流年观的院子里,热闹得像个菜市场。
沈晋军正指挥着苗子恩劈柴,手里拿着根树枝当指挥棒,嘴里还念念有词:“大爷,劈匀点!这柴要劈成三指宽,烧起来才旺,卖相也好。”
他打算把劈好的柴捆成小捆,挂在道观门口卖,标价“开光神柴,驱邪避灾,十块钱一捆”。
苗子恩拄着斧头,额头上冒汗,黝黑的脸上带着点无奈:“道长,我种了一辈子茶,劈柴这活儿……不太熟练啊。”
他昨天刚到流年观,还没来得及歇口气,就被沈晋军拉来当免费劳力,又是劈柴又是修屋顶,忙得脚不沾地。
“不熟才要练嘛。”沈晋军拍了拍他的肩膀,“等你练熟了,我给你开工资,月结,用纸钱结算,怎么样?”
苗子恩:“……”
他现在有点怀疑,他打听到情报是不是错了——这沈道长哪像个玄门高人,分明就是个黑心老板。
广成子坐在石凳上,捧着个大瓷碗,里面是刚熬好的绿豆汤,喝得稀里哗啦。旁边的玄珺子和玄镇子蹲在地上,正给龟丞相和丞相夫人换水,俩小道士笨手笨脚的,把水洒得满地都是。
“慢点慢点!”玄镇子急得直跺脚,“丞相夫人好像不高兴了,你看它把脑袋缩进去了!”
“是你手太重了,把水溅它脸上了。”玄珺子瞪了他一眼。
俩人为了俩乌龟吵得面红耳赤,差点动手。
就在这时,院门外传来个清脆的声音:“沈道长,广成子道长,在家吗?”
沈晋军回头一看,乐了:“哟,白老板来了!稀客啊!”
门口站着的是隔壁往生纸扎店的老板娘,大家都叫她白姑娘。她穿着件素色连衣裙,手里提着个食盒,脸上带着浅浅的笑,看着清清冷冷的,跟她店里那些纸人纸马一点都不搭。
“刚做了点糕点,给几位道长尝尝。”慕容雅静走进来,把食盒放在石桌上,打开盖子,里面是些糯米糕,白白胖胖的,还冒着热气。
“还是白老板好。”广成子赶紧放下碗,伸手就想去拿,“我就说今天早上喜鹊叫,原来是有口福了。”
慕容雅静的目光扫过院子,在看到苗子恩时,脚步顿了一下。
这老汉看着普普通通,穿着粗布褂子,手里还提着把斧头,跟个乡下老农似的。可慕容雅静心里却“咯噔”一下——这老汉身上的气息,看着平和,底下却藏着股狠劲,像是常年跟人动手的练家子。
尤其是他站在那里,看似随意,却把院子里的动静尽收眼底,眼神偶尔闪过的精光,绝不是普通老农该有的。
“这位是?”慕容雅静装作好奇地问。
“哦,这是苗大爷,我远房亲戚,来城里投奔我,暂住几天。”沈晋军随口胡诌,还冲苗子恩挤了挤眼,“苗大爷,这是隔壁纸扎店的白老板,人美心善,以后买纸人纸马找她,能打折。”

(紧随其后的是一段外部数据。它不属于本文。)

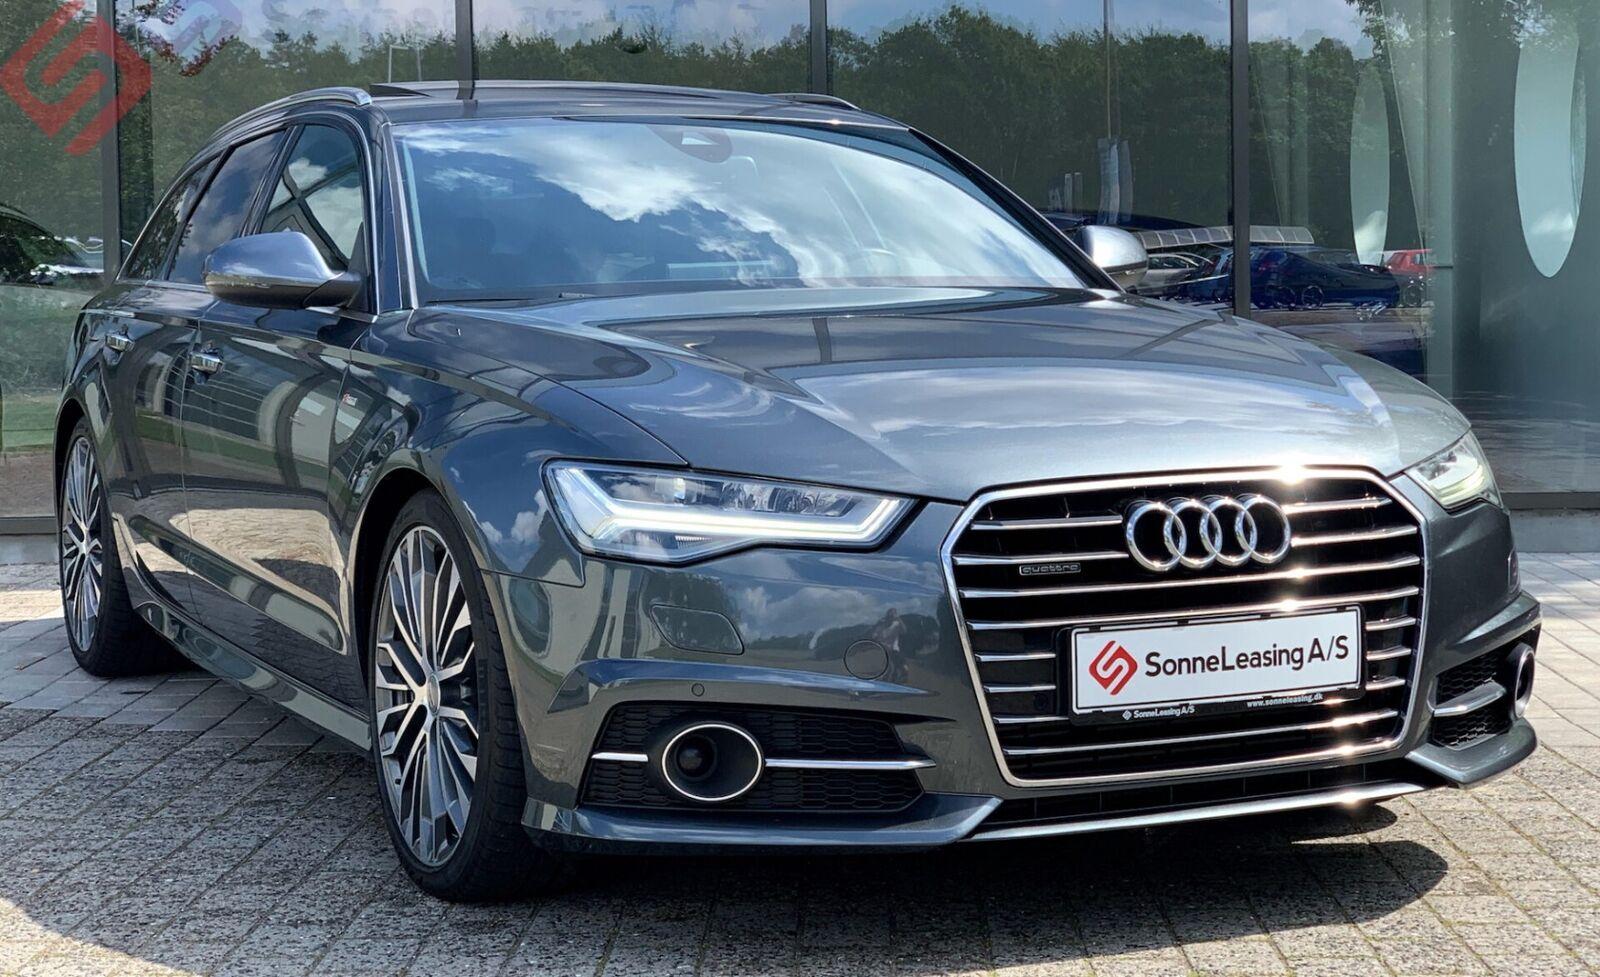 Audi A6 3,0 TDi 320 S-line Avant quat. Tip 5d - 3.196 kr.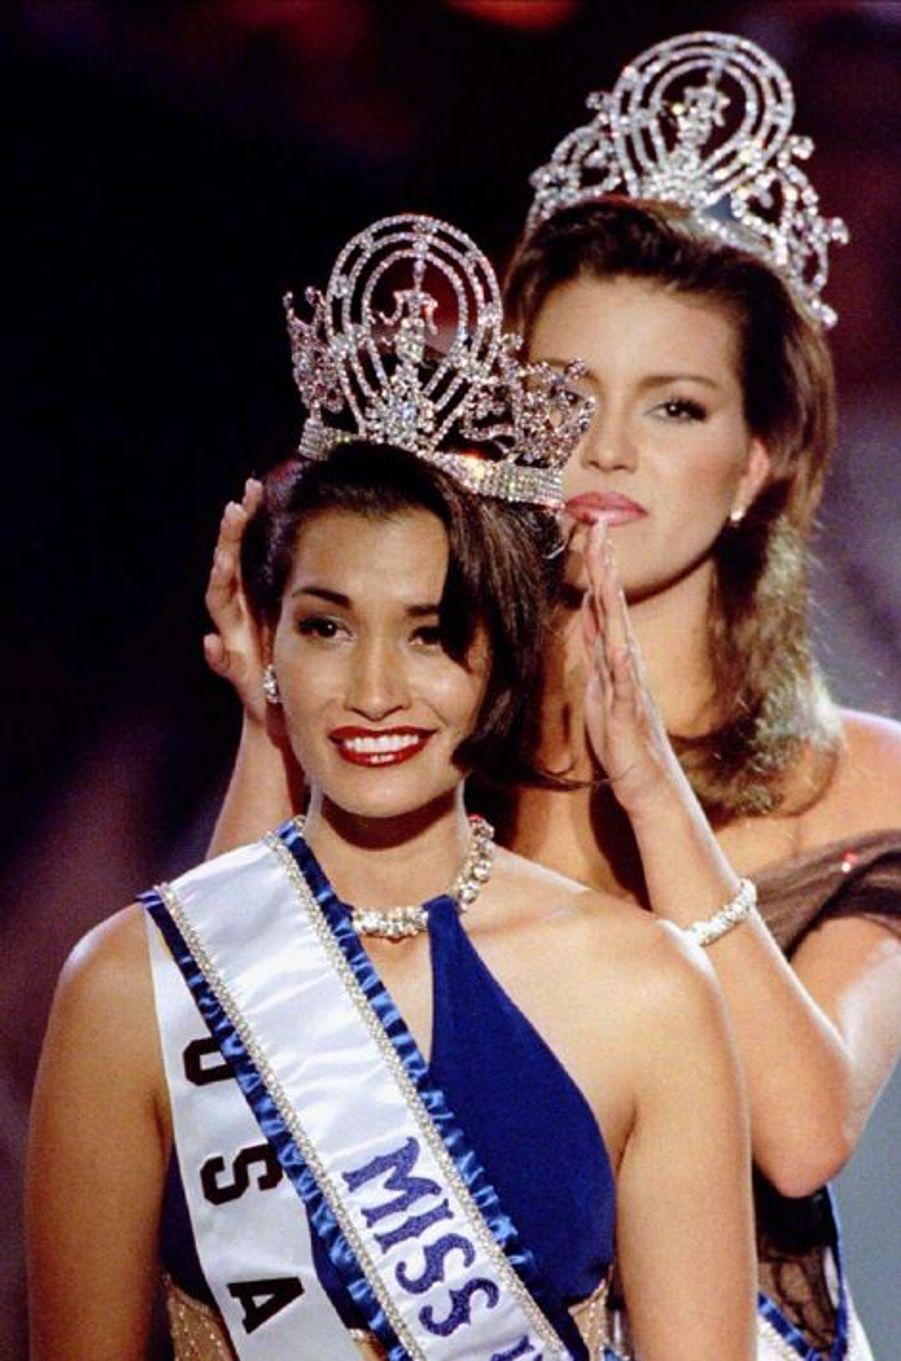 Brook Lee, Miss USA élue Miss Univers en 1997

苗子恩配合地点点头,咧嘴笑了笑,露出两排黄牙,看着还真像个老实巴交的乡下老汉。
可慕容雅静没放松警惕。她在往生阁待了这么多年,什么样的人没见过?这老汉绝对不简单,身上那股若有若无的土系灵力,虽然被刻意压制着,但瞒不过她的眼睛。
“苗大爷看着面生,是第一次来横江市?”慕容雅静拿起块糯米糕,递给他。
苗子恩接过来,说了声“谢谢”,咬了一口:“嗯,第一次来,城里比山里热闹多了。”
他说话的时候,眼睛直视着慕容雅静,眼神里没什么情绪,却让慕容雅静莫名觉得有点压力。
这老汉,绝对是个高手。
流年观到底藏了多少高人?消失的圈圈已经够吓人了,现在又来个深藏不露的老汉……
慕容雅静心里打鼓,脸上却没表现出来,笑着跟大家闲聊了几句,说店里还有事,就提着空食盒回去了。
看着她的背影消失在拐角,沈晋军咂咂嘴:“白老板今天咋走这么快?我还想跟她说说,让她给我打个八折呢。”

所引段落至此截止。